-- AIM OF THE EXERCISE --
Retype exactly the lines of the listing below from the one with "3D Wall Art" through the last, both included, and leave every picture out.

-- DATA EXCERPT --

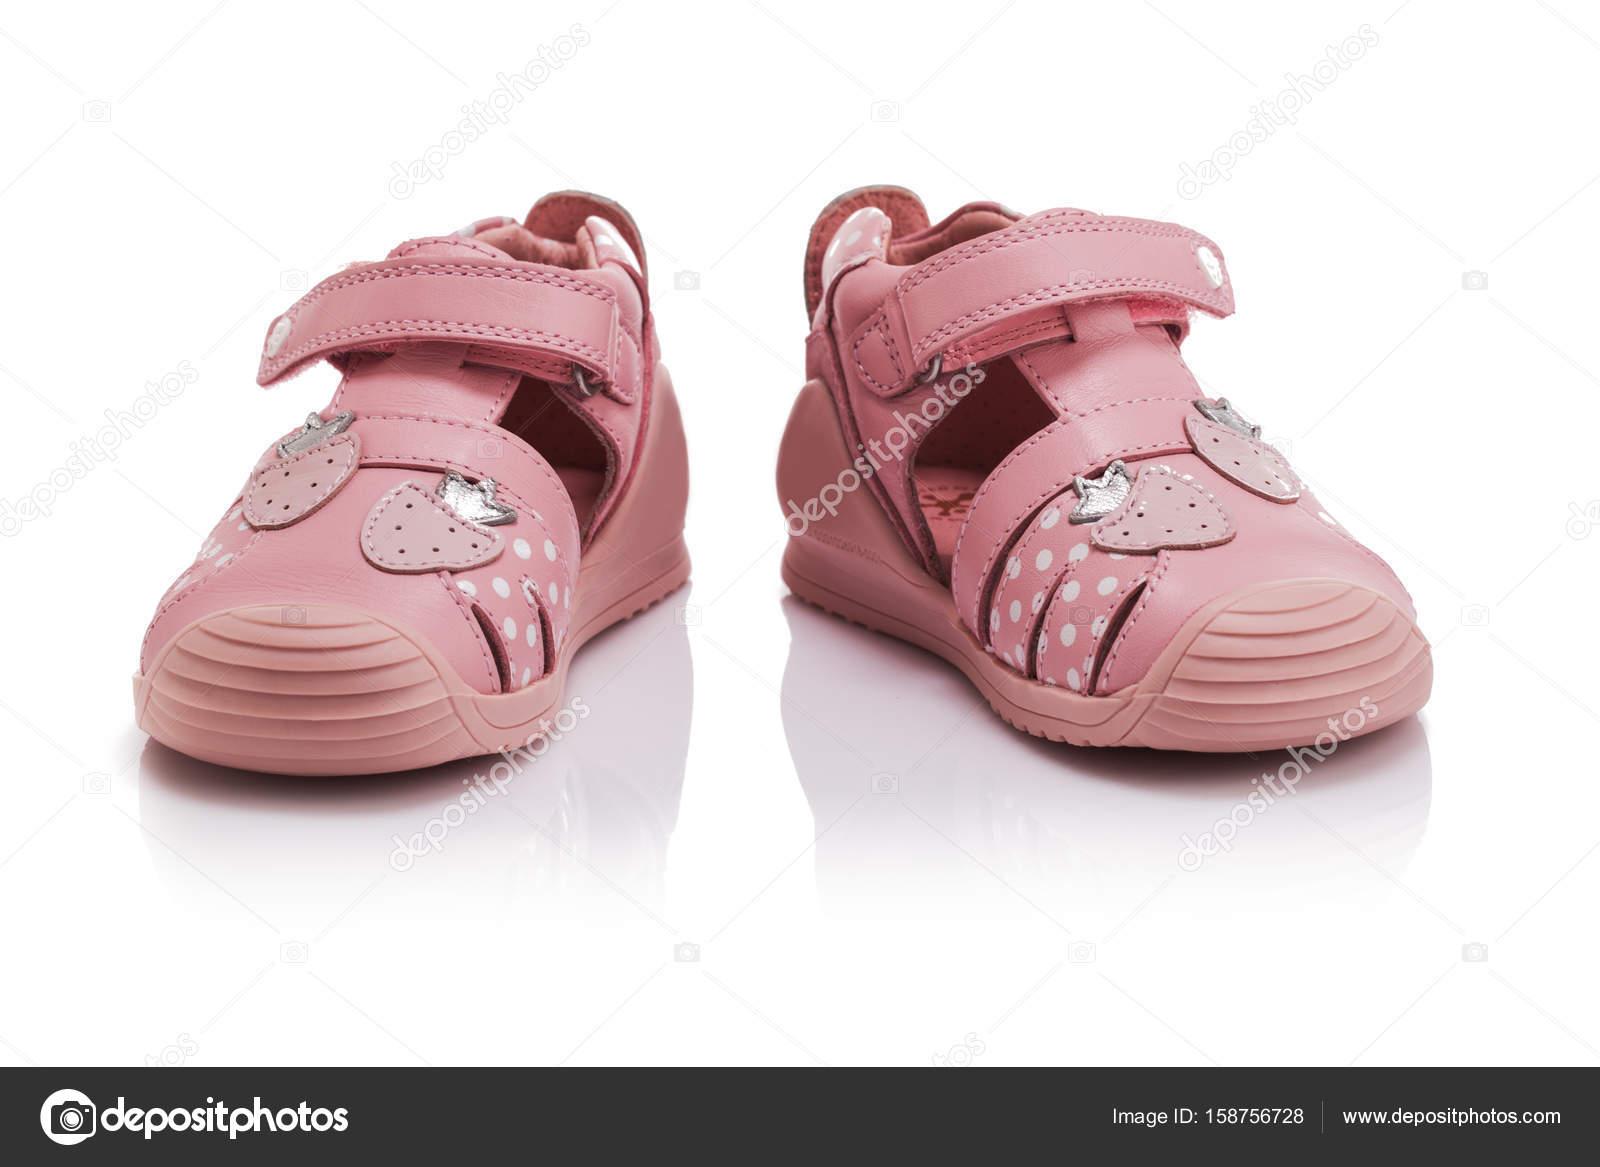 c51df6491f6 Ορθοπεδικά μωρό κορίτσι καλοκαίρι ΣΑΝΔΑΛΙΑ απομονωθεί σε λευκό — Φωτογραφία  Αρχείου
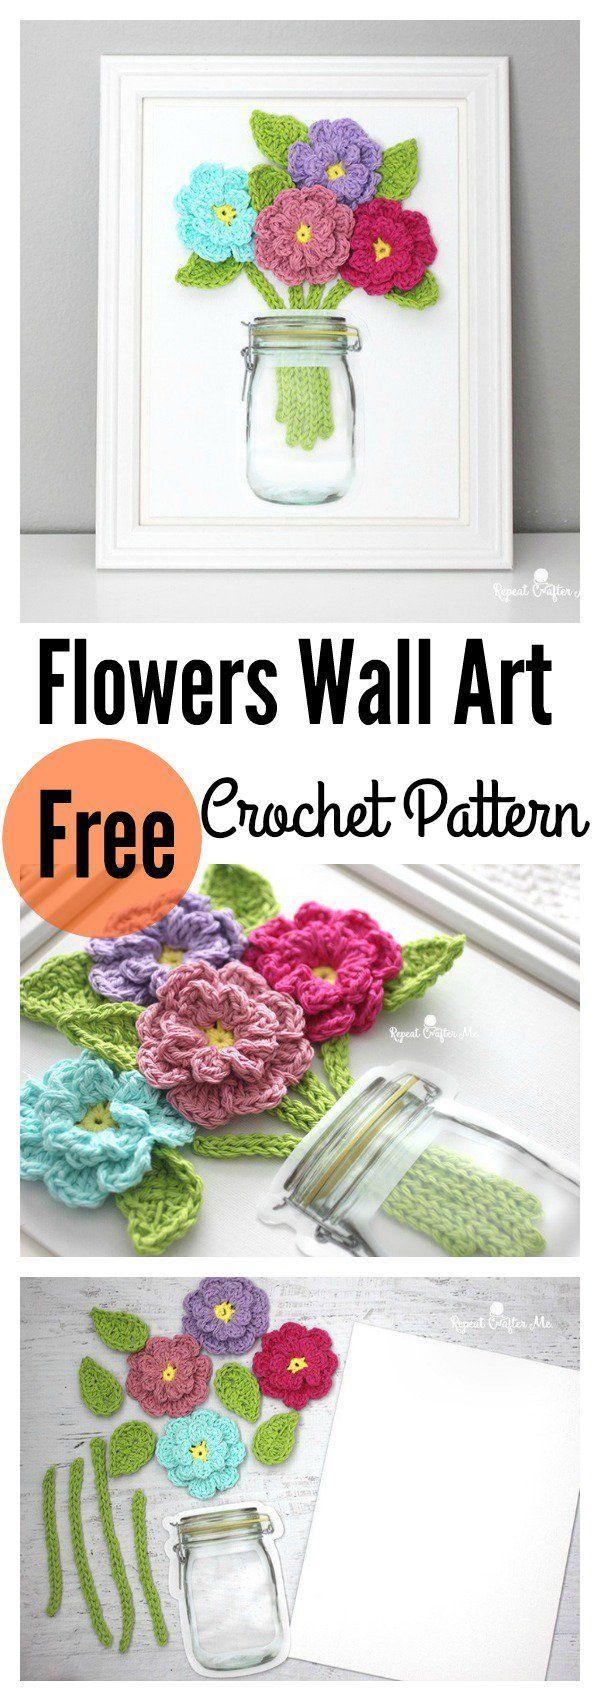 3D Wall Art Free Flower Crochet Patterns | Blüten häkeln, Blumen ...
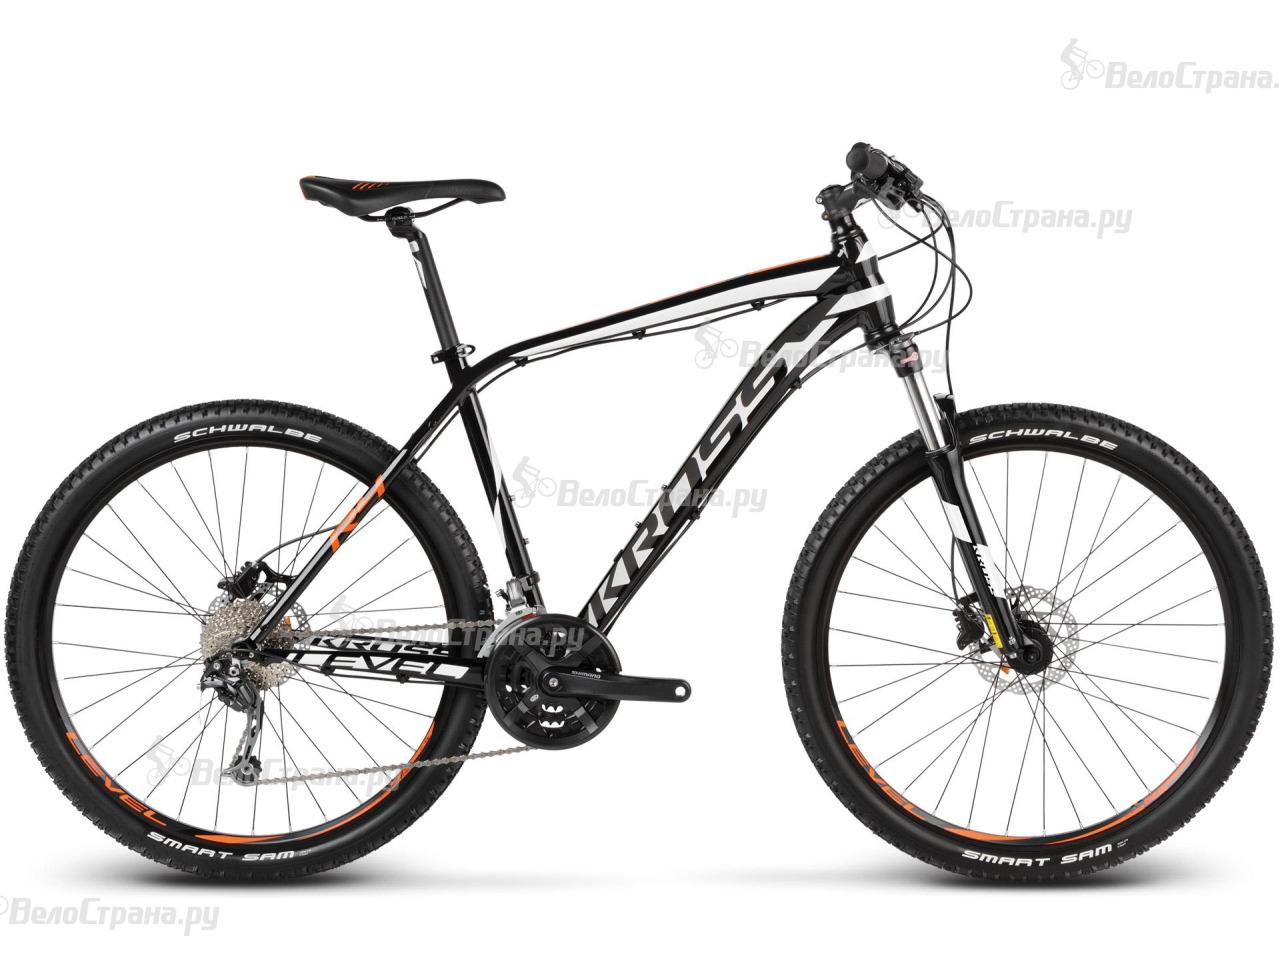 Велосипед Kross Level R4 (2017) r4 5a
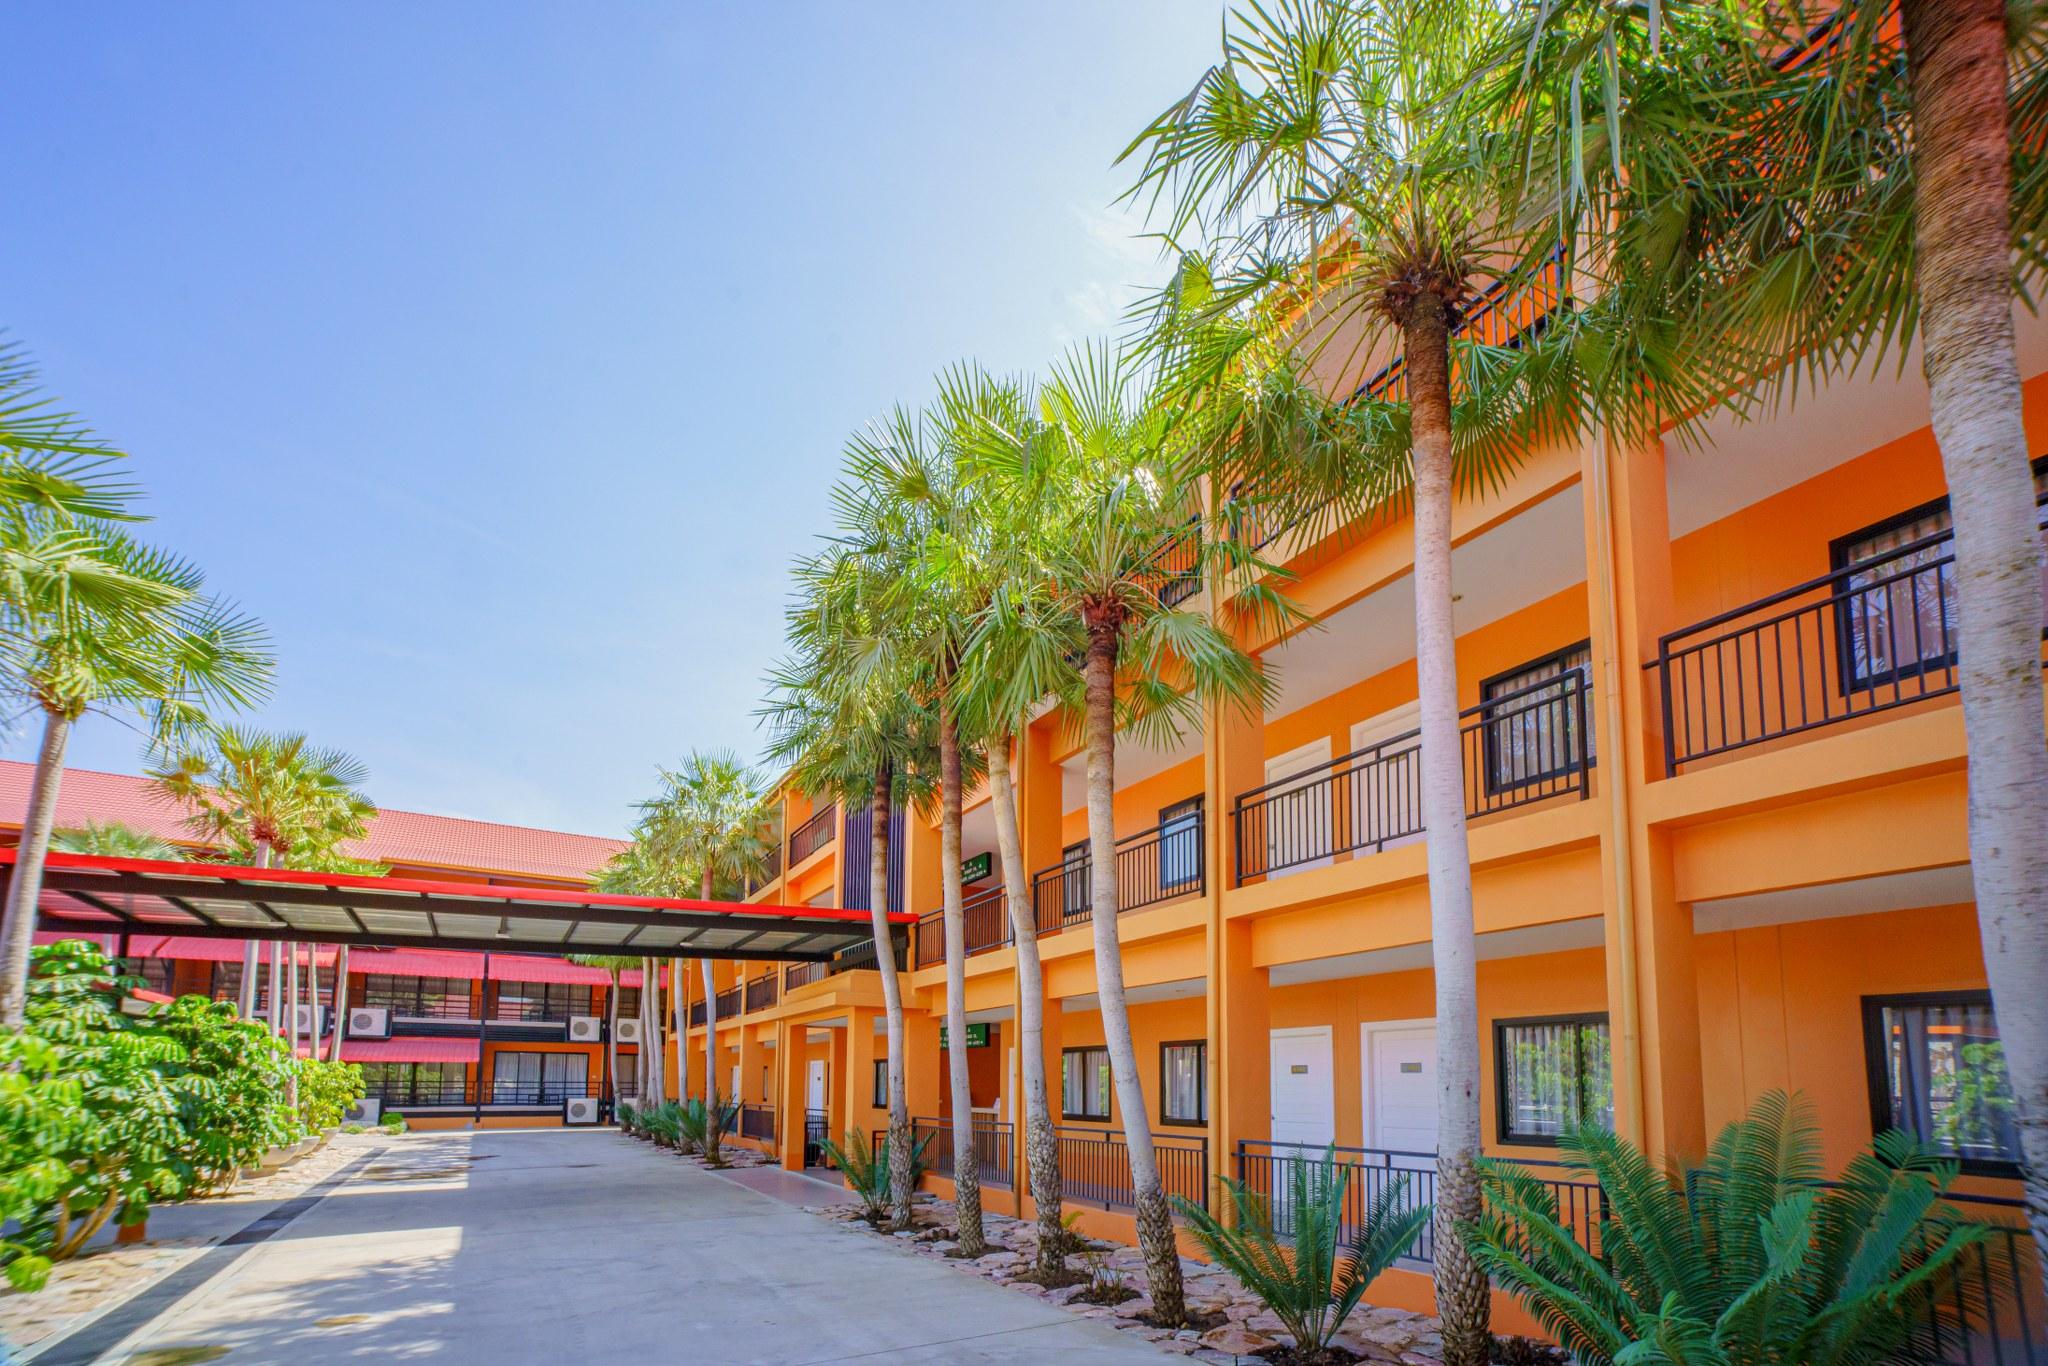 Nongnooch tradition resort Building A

-- SOLUTION --
 3D Wall Art Free Flower Crochet Patterns | Blüten häkeln, Blumen ...
 Велосипед Kross Level R4 (2017) r4 5a
 Nongnooch tradition resort Building A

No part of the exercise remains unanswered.